With the root cause understood and the relevant code loaded, the agent generates a targeted fix.

def _generate_fix(
    self, analysis: dict, code_files: dict, report: BugReport
) -> BugFix | None:
    files_context = ""
    for path, content in code_files.items():
        files_context += f"\n--- {path} ---\n{content}\n"

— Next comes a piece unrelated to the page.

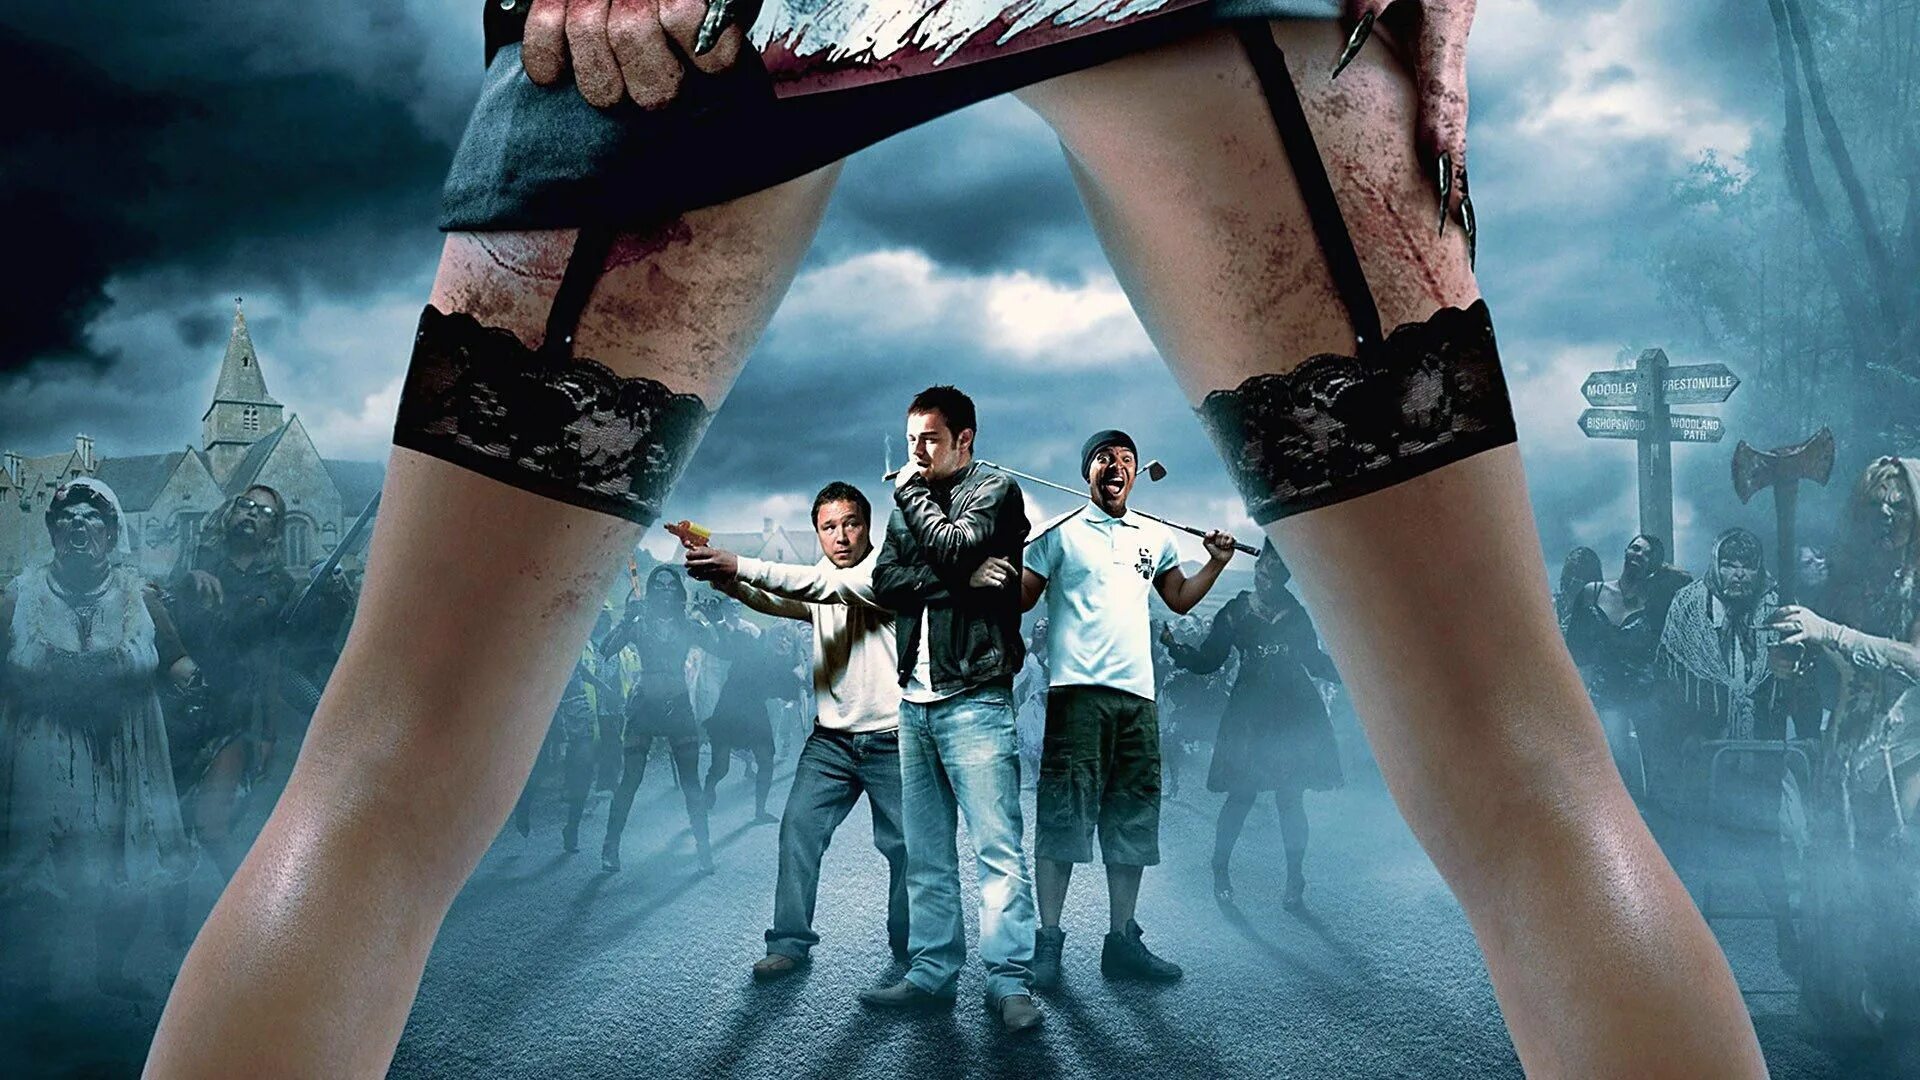 Приключение комедии фантастики ужасы. Попали! (Конура) -2009 Постер.

    response = client.chat.completions.create(
        model=self.model,
        messages=[
            {"role": "system", "content": """You are a senior developer
fixing a bug. Based on the error analysis and source code, generate
a minimal fix. Return JSON with:
- "file_path": which file to modify
- "original_code": exact code to replace (copy precisely)
- "fixed_code": the corrected code
- "explanation": what the fix does
- "root_cause": why the original code was wrong
- "confidence": 0.0 to 1.0 how confident you are

IMPORTANT: original_code must be an EXACT match of existing code.
Make the smallest change possible. Do not refactor unrelated code."""},
            {"role": "user", "content": (
                f"Error analysis: {analysis}\n\n"
                f"Error: {report.error_message}\n\n"
                f"Source files:\n{files_context}"
            )},
        ],
        temperature=0,
        response_format={"type": "json_object"},
    )

    import json
    data = json.loads(response.choices[0].message.content)
    return BugFix(**data)

Regression Testing

The fix is applied temporarily and the test suite runs to ensure nothing else breaks.

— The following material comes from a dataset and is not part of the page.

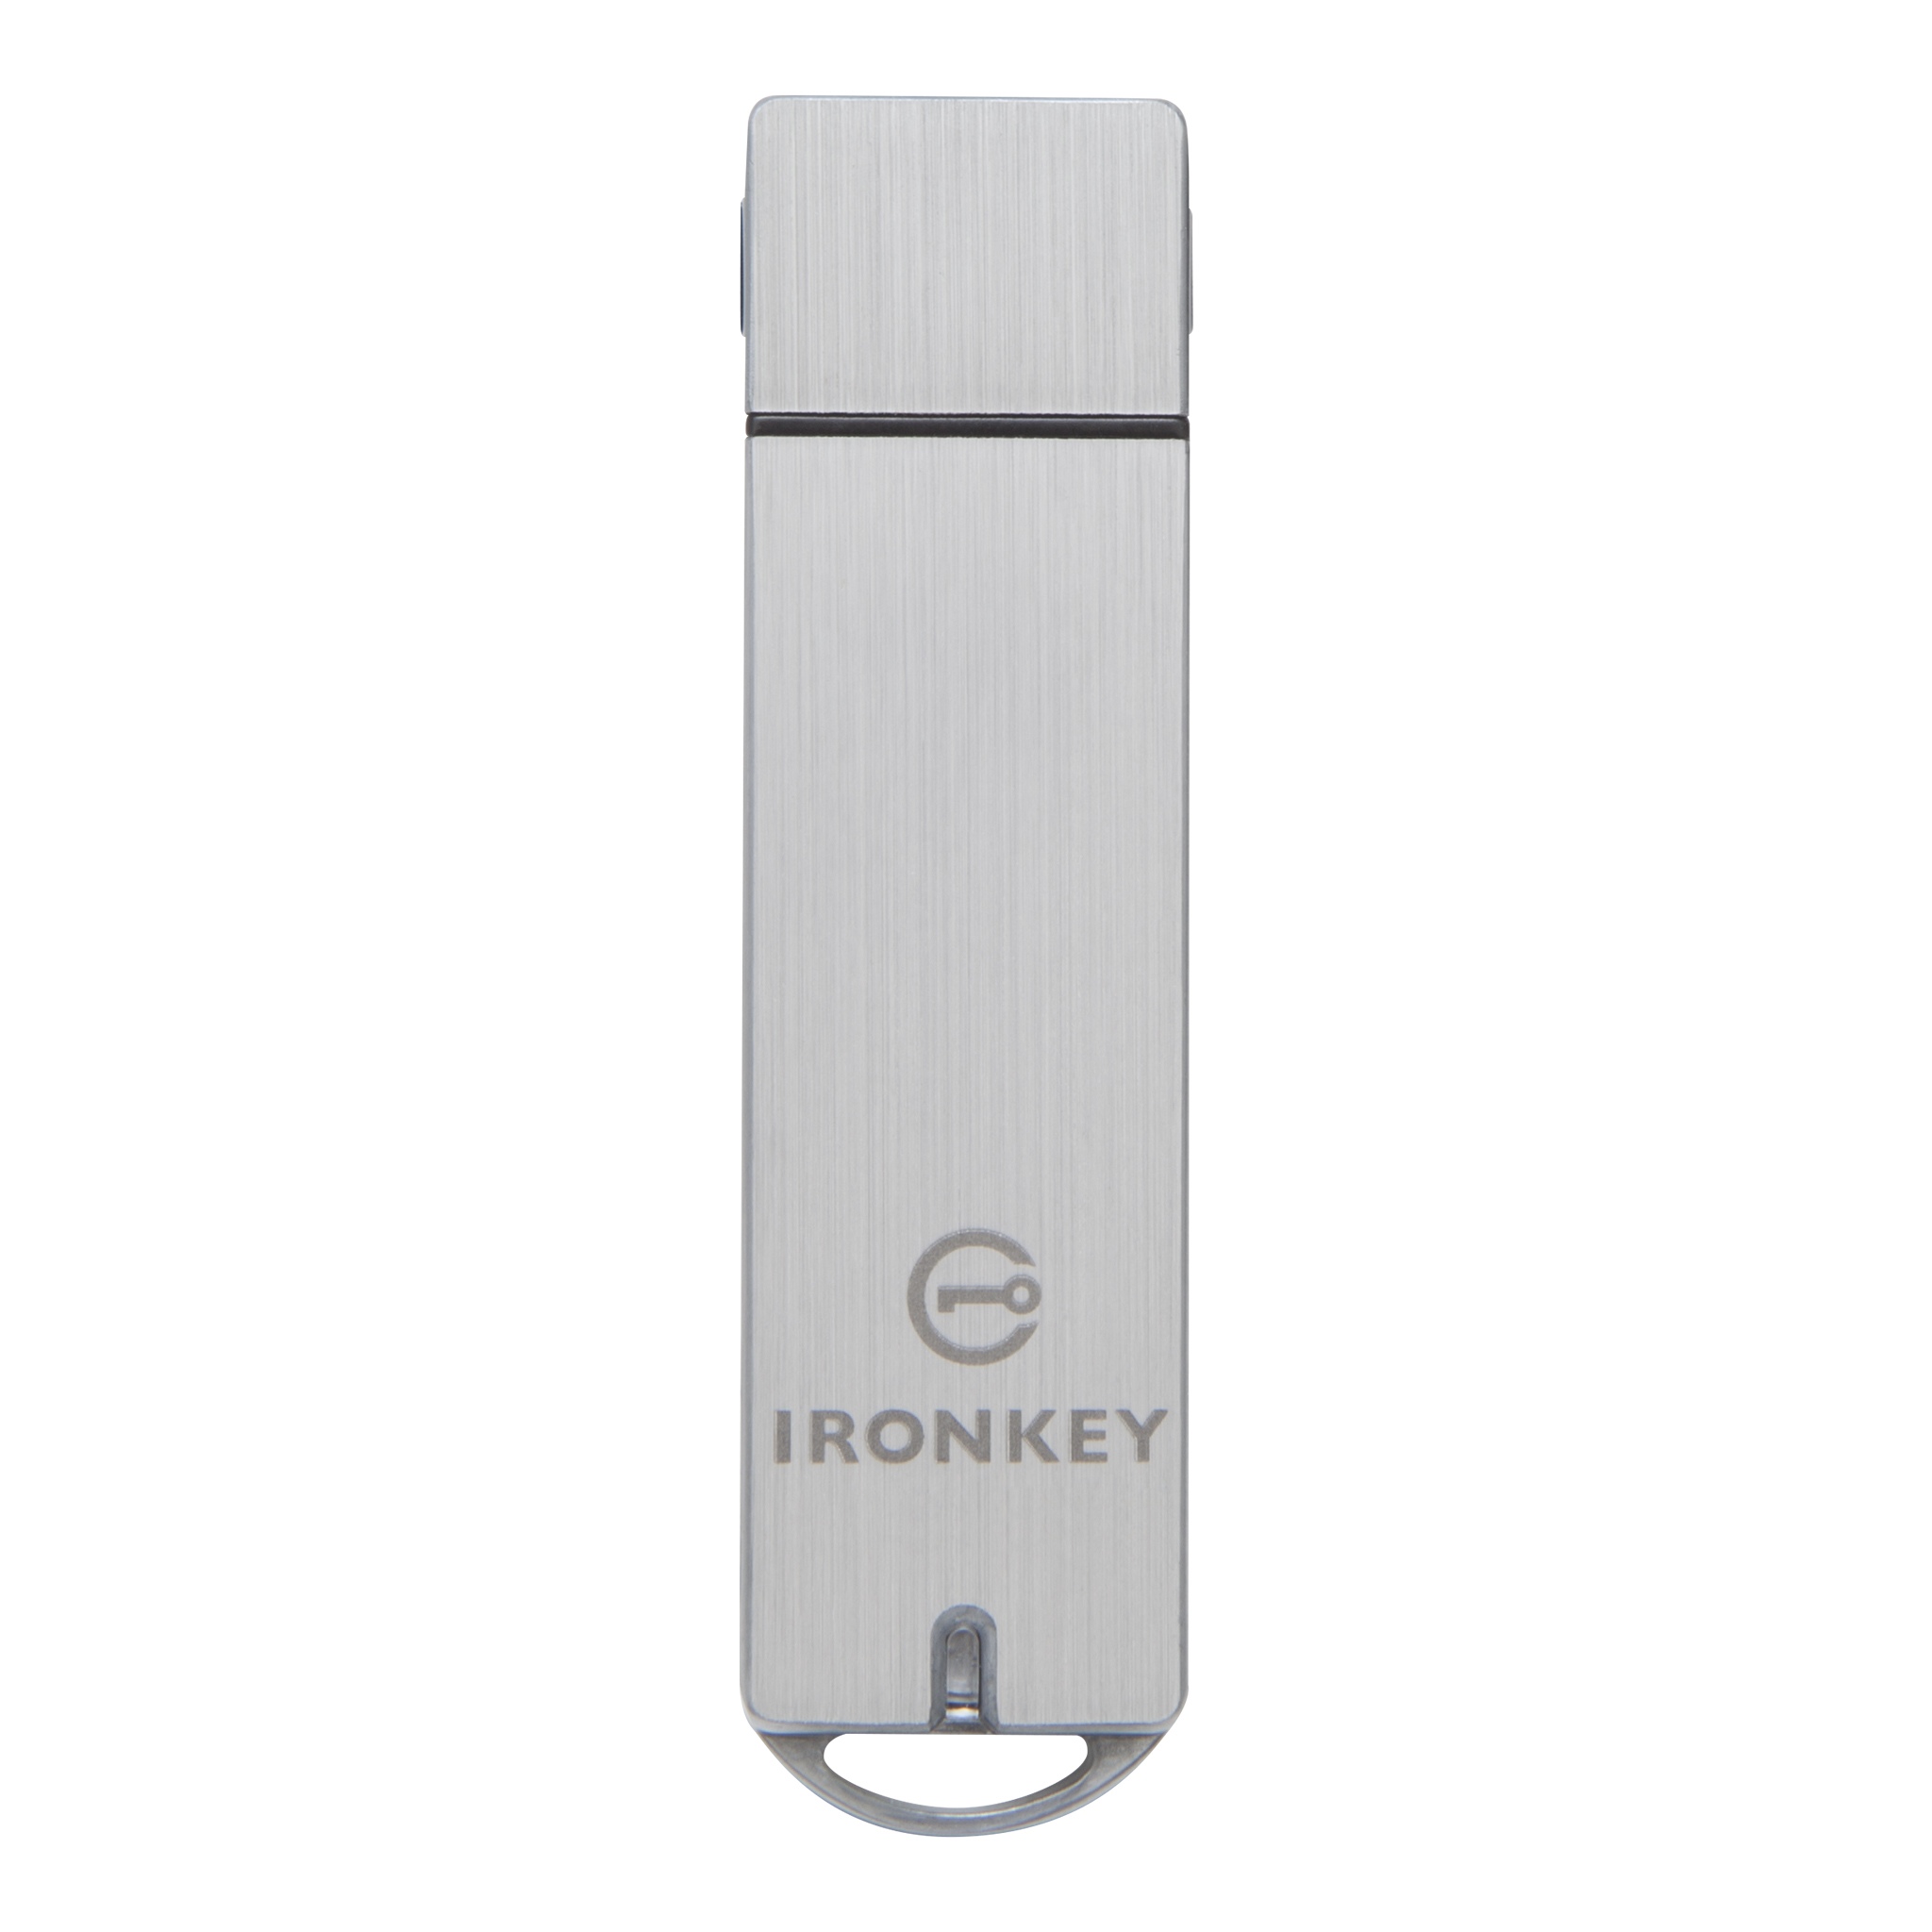 オンデバイスの Cryptochip 搭載の IronKey S1000 USB ドライブ - 4GB

def _verify_fix(self, fix: BugFix, report: BugReport) -> bool:
    with open(fix.file_path) as f:
        original_content = f.read()

    if fix.original_code not in original_content:
        return False

    patched = original_content.replace(
        fix.original_code, fix.fixed_code, 1
    )

    try:
        with open(fix.file_path, "w") as f:
            f.write(patched)

        cmd = ["python", "-m", "pytest", "--tb=short", "-q"]
        if report.failing_test:
            cmd.append(report.failing_test)

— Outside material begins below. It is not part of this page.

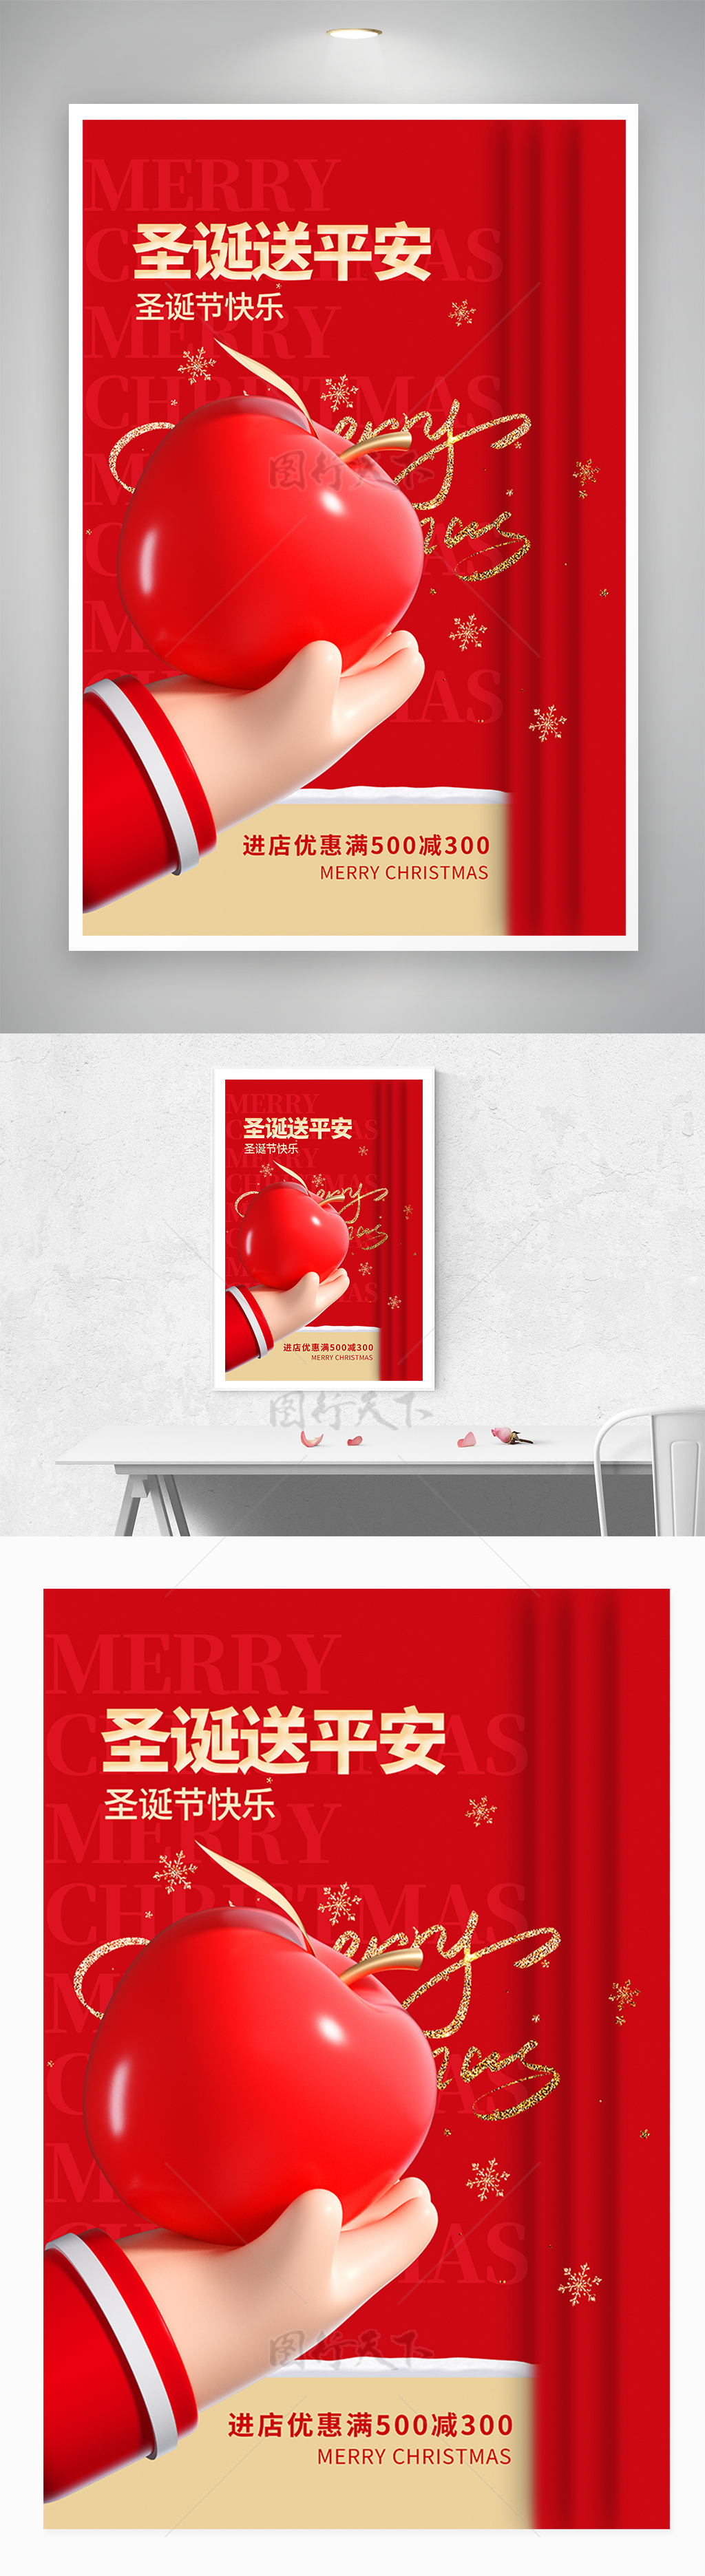 3D红色圣诞节平安夜宣传促销海报设计

        result = subprocess.run(
            cmd, capture_output=True, text=True,
            timeout=120, cwd=self.project_dir,
        )
        return result.returncode == 0
    finally:
        with open(fix.file_path, "w") as f:
            f.write(original_content)

The original file is always restored in the finally block, so even if the fix fails, your codebase is unchanged. The fix is only committed if all tests pass.

FAQ

How do I prevent the agent from making changes that break other parts of the code?

The regression testing step catches this. Run the full test suite, not just the failing test. If any test that was passing before now fails, reject the fix. For extra safety, use git to create a temporary branch, apply the fix, and run tests in isolation.

What if the bug is in a dependency rather than my own code?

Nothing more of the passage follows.